Your goal >>
Output every line below as it stands, dropping only the images.

Given data >>
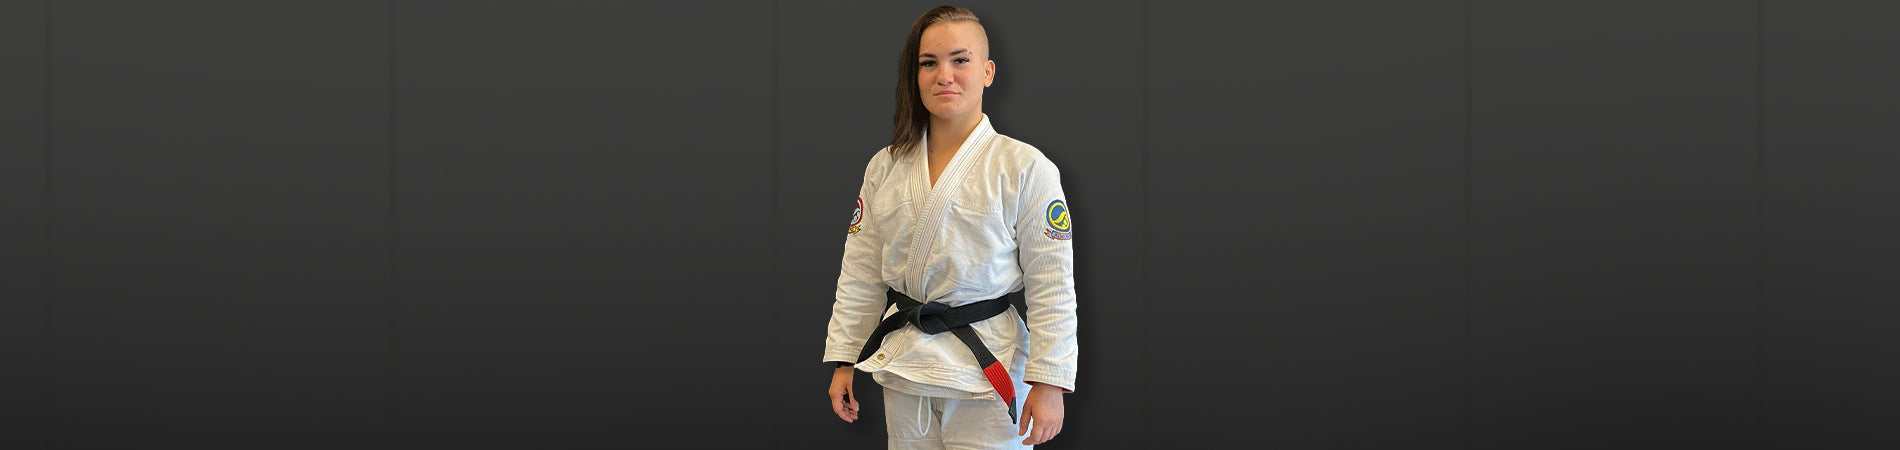 Elisabeth Clay - Young Prodigy of Jiu-Jitsu
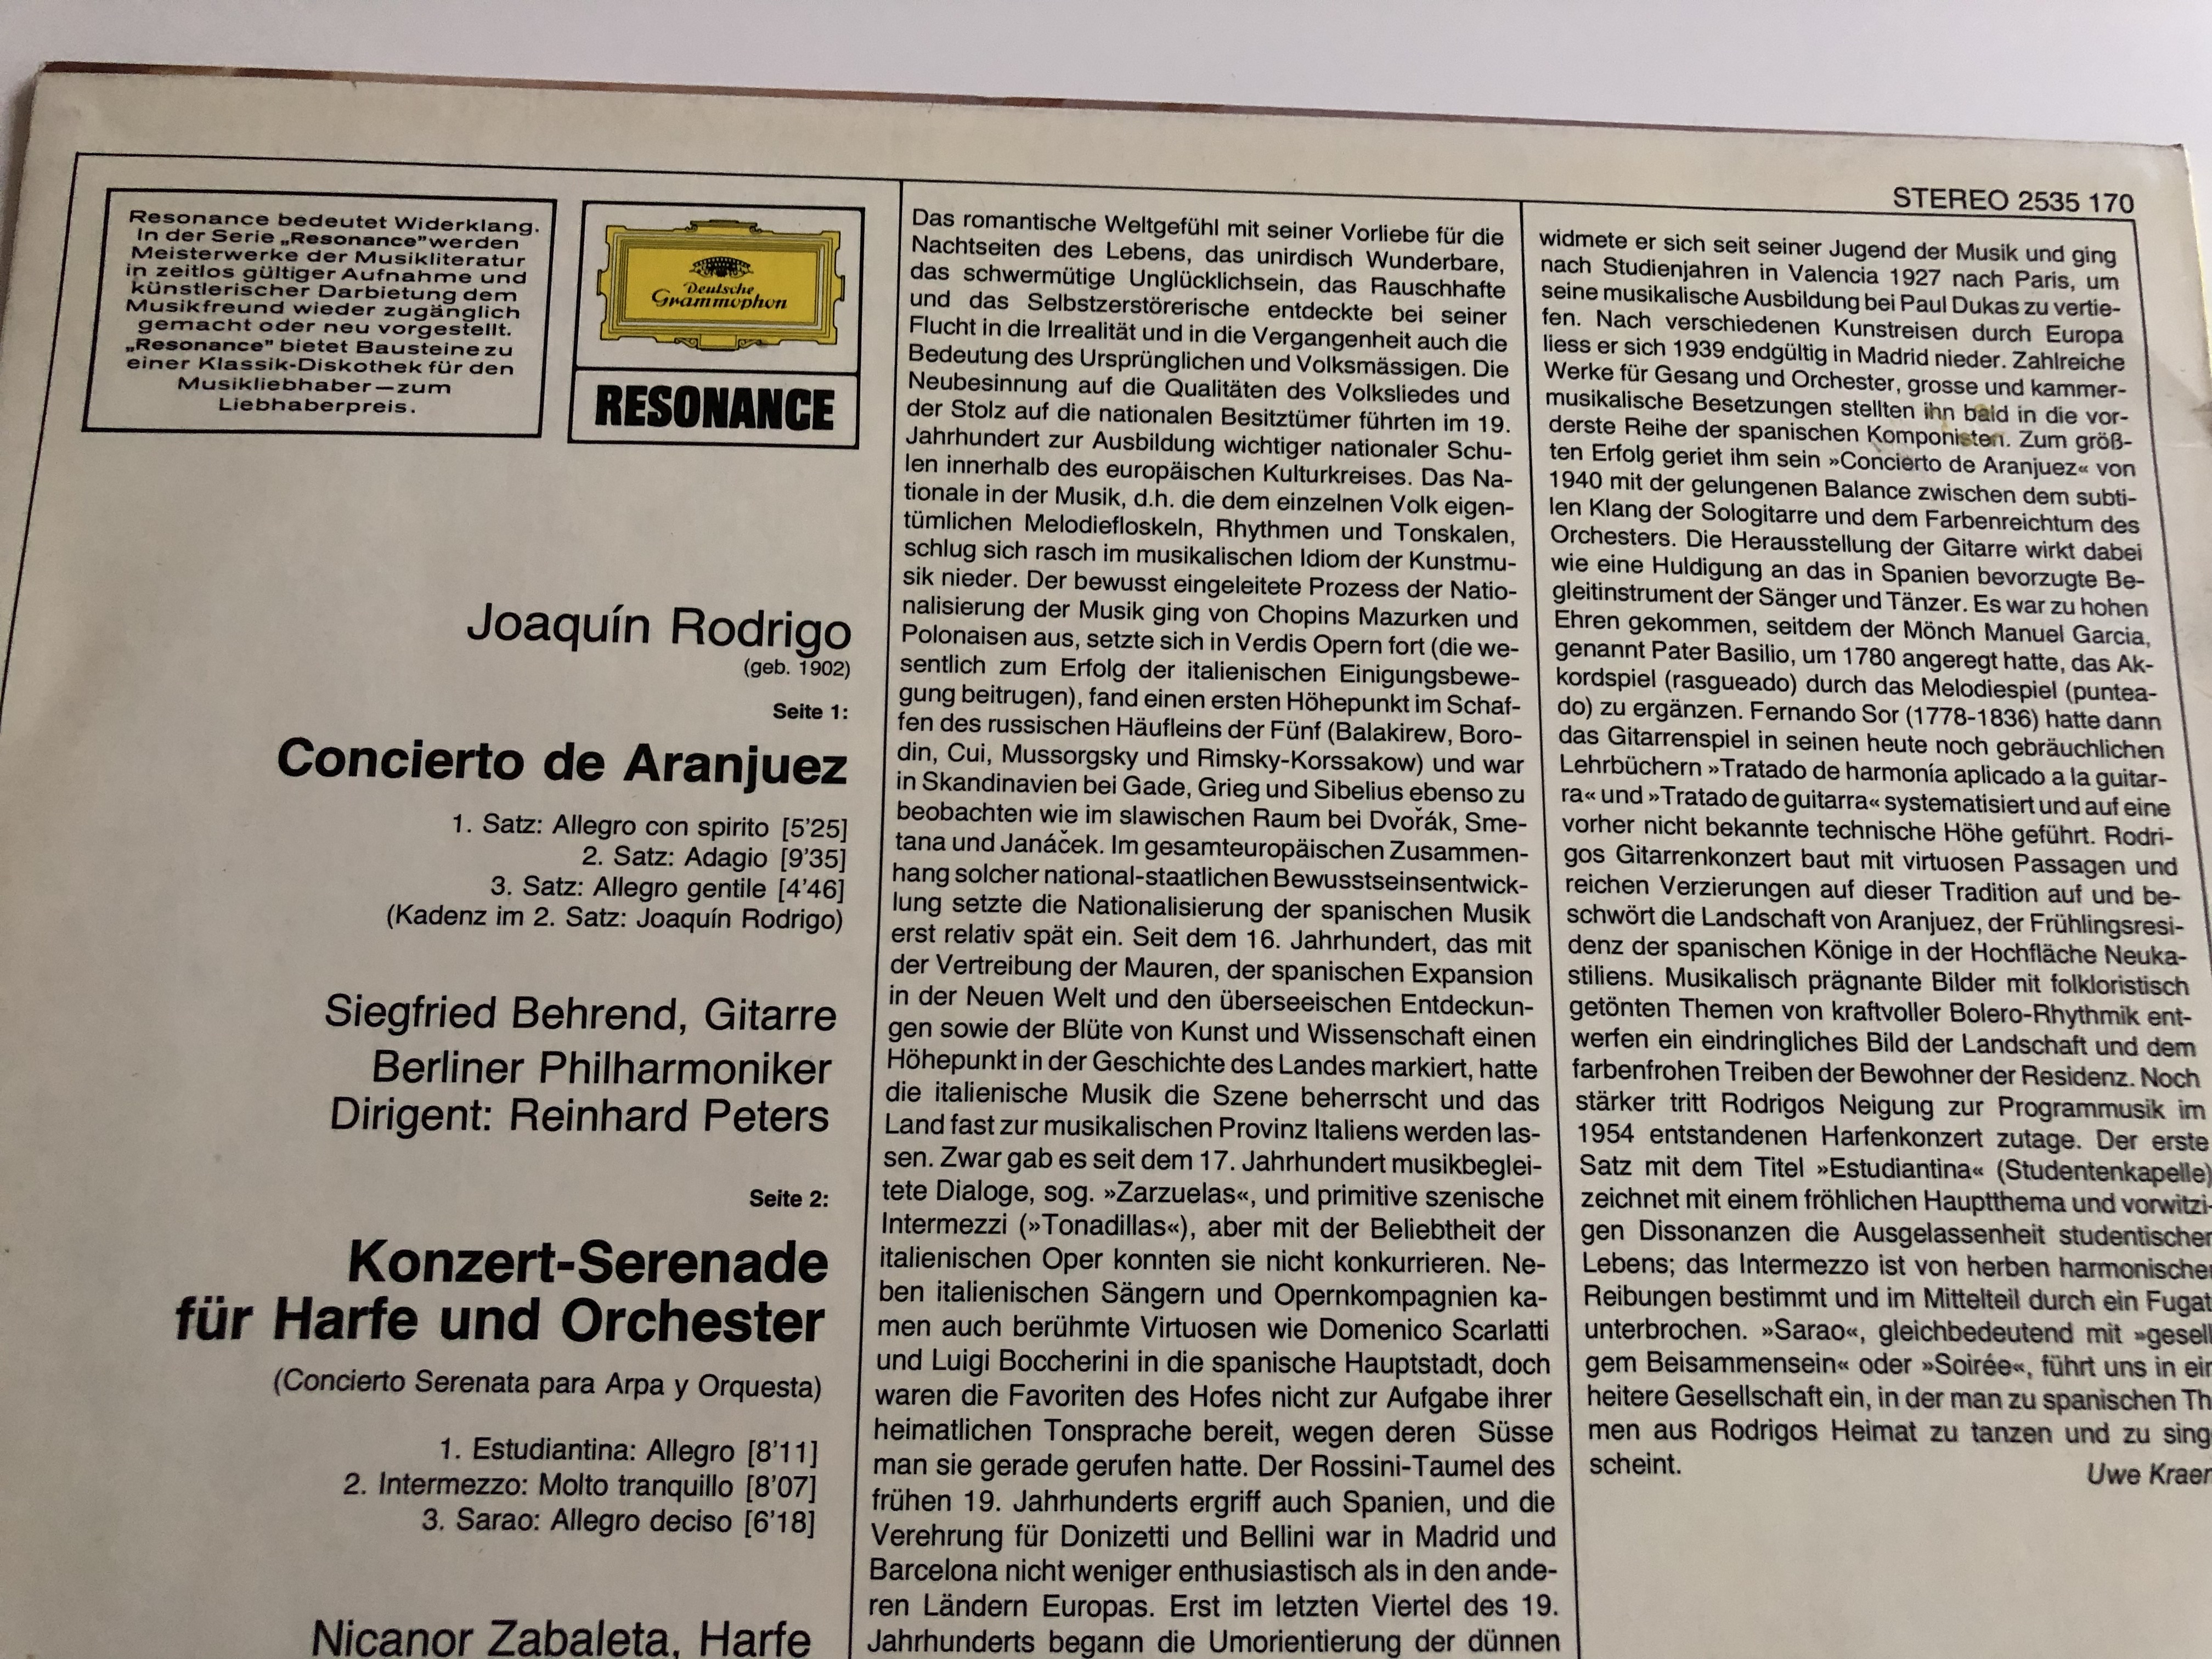 rodrigo-concierto-de-aranjuez-konzertserenade-f-r-harfe-siegfried-behrend-nicanor-zabaleta-deutsche-grammophon-lp-stereo-2535-170-3-.jpg
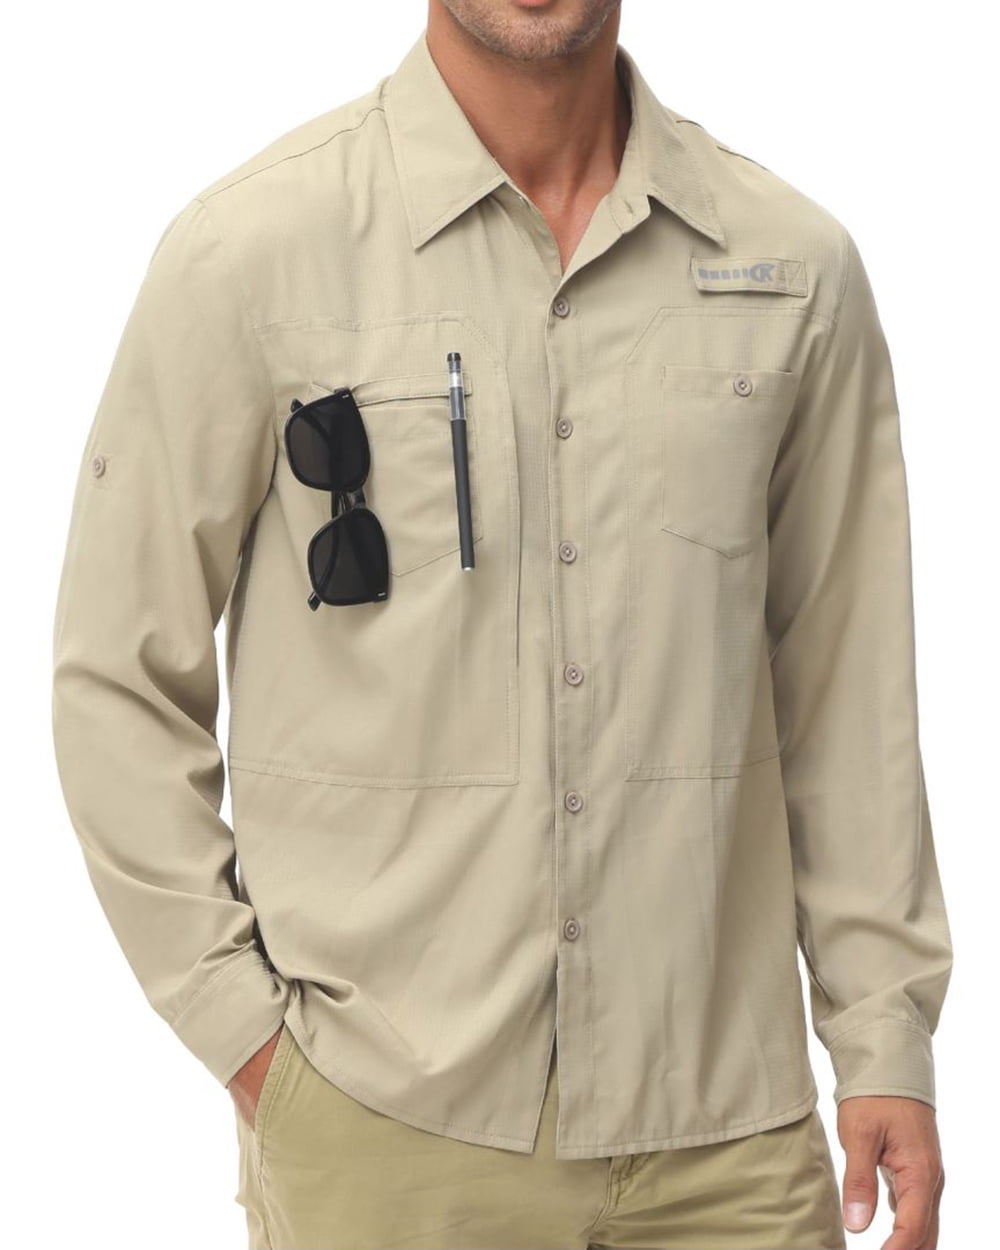 Mens Performance Short Sleeve Button Up Quick Dry Shirt 50+ UPF Fishing  Shirt, White, Size: 3X, Momentum Comfort Gear

Finished exercise >>
 Elisabeth Clay - Young Prodigy of Jiu-Jitsu
 rodrigo-concierto-de-aranjuez-konzertserenade-f-r-harfe-siegfried-behrend-nicanor-zabaleta-deutsche-grammophon-lp-stereo-2535-170-3-.jpg
 Mens Performance Short Sleeve Button Up Quick Dry Shirt 50+ UPF Fishing  Shirt, White, Size: 3X, Momentum Comfort Gear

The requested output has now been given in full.